Last year, when I wrote about Texas Battle League promoter Japanese Jesus, he explained, “The hip hop scene is nothing but other rappers. A good portion of the MC’s in Austin kill it — but it’s too bad that it’s just rappers at those shows. Nobody’s waving their hands in the air like they just don’t care.”
Probably the most promising Austin rapper, at least from the perspective of getting some national attention for his work, is Western Tink. The Beautiful Lou-produced emcee got a fair amount of press for his recent mixtapes from outlets including The Fader, NahRight.com and Spin's No Trivia blog. But Matt Sonzala of the indispensable local hip hop blog Austin Surreal put it well when he acknowledged that “it seems like the whole world knows Western Tink is from Austin, but I don’t know if Austin knows Western Tink is from Austin.”

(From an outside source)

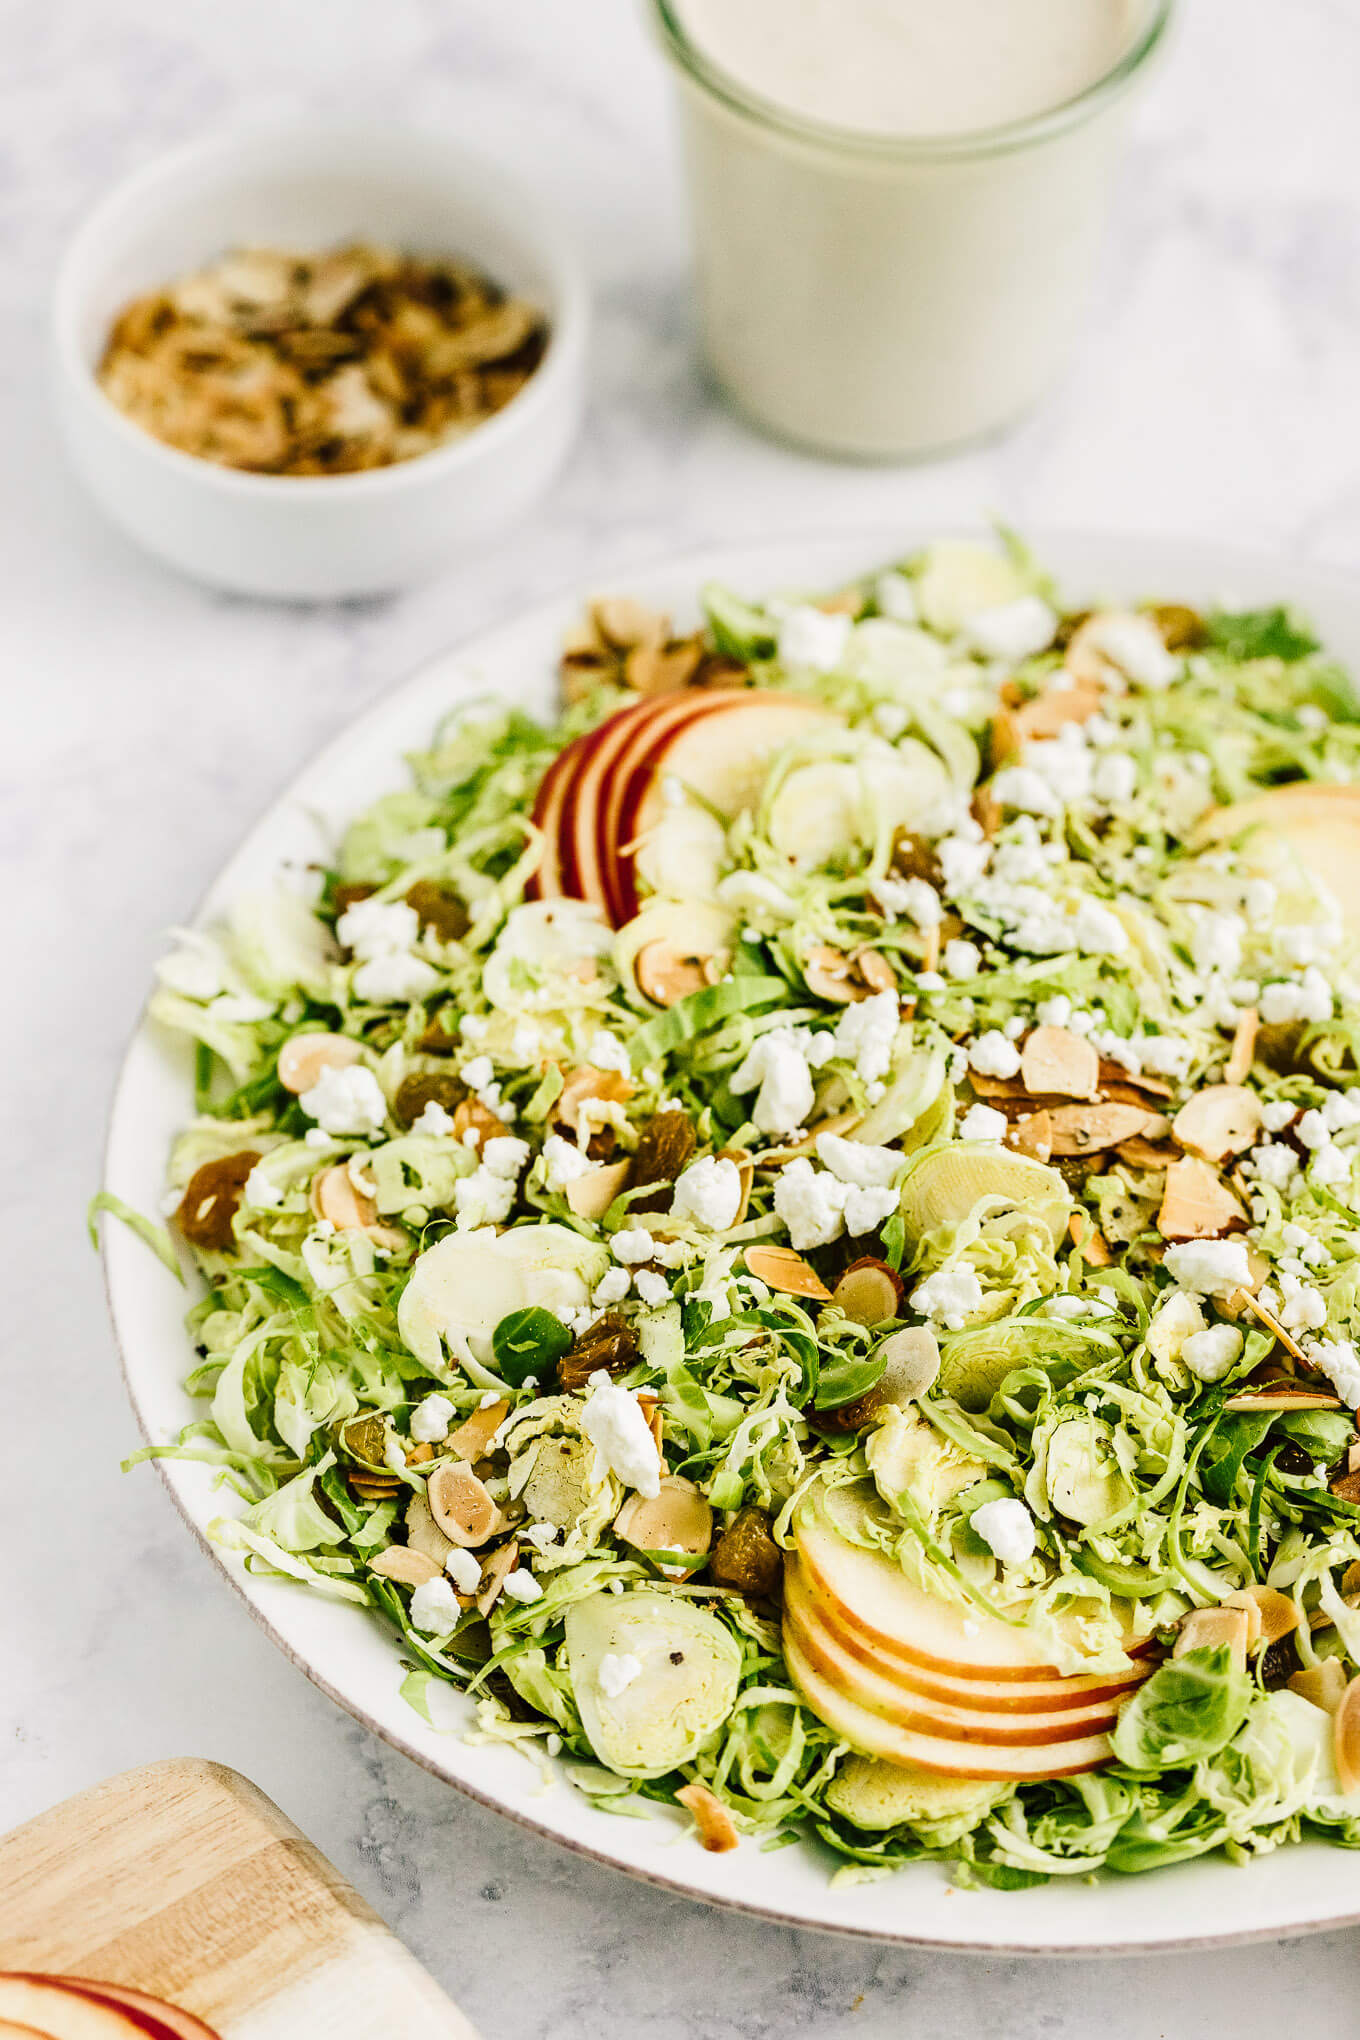 Shaved Brussels sprout and apples salad with golden raisins and goat cheese

Right now, Tink's a relatively minor attraction on the national scene — barely a thousand Twitter followers, maybe three times as many plays for his most popular track on Soundcloud — but in a few months, if Tink’s next mixtape is an Internet sensation, Austin will be paying attention and eager to claim him.
But that speaks to a challenge that musicians in Austin face right now: Because we get so much national attention so often, our audiences run the risk of becoming deaf to what’s happening here unless it’s validated by somebody from outside of the city.
Hip hop in Austin has had challenges for a long time, but those are challenges that every scene in Austin could end up facing. When we spend so much time getting excited about the things that don’t come from here, we lost track of the things that do.
It’ll happen, eventually, that Austin will produce a rapper people care about, who puts Austin hip hop on the map. Maybe it’ll be Tink, maybe it’ll be somebody else. The biggest question might be whether we build that person ourselves, or if we get it told to us by some blogger out of Brooklyn.
And if you want a music career, you should hope that it’s the former, because if it’s the latter, you’re really just hoping for a lotto winner.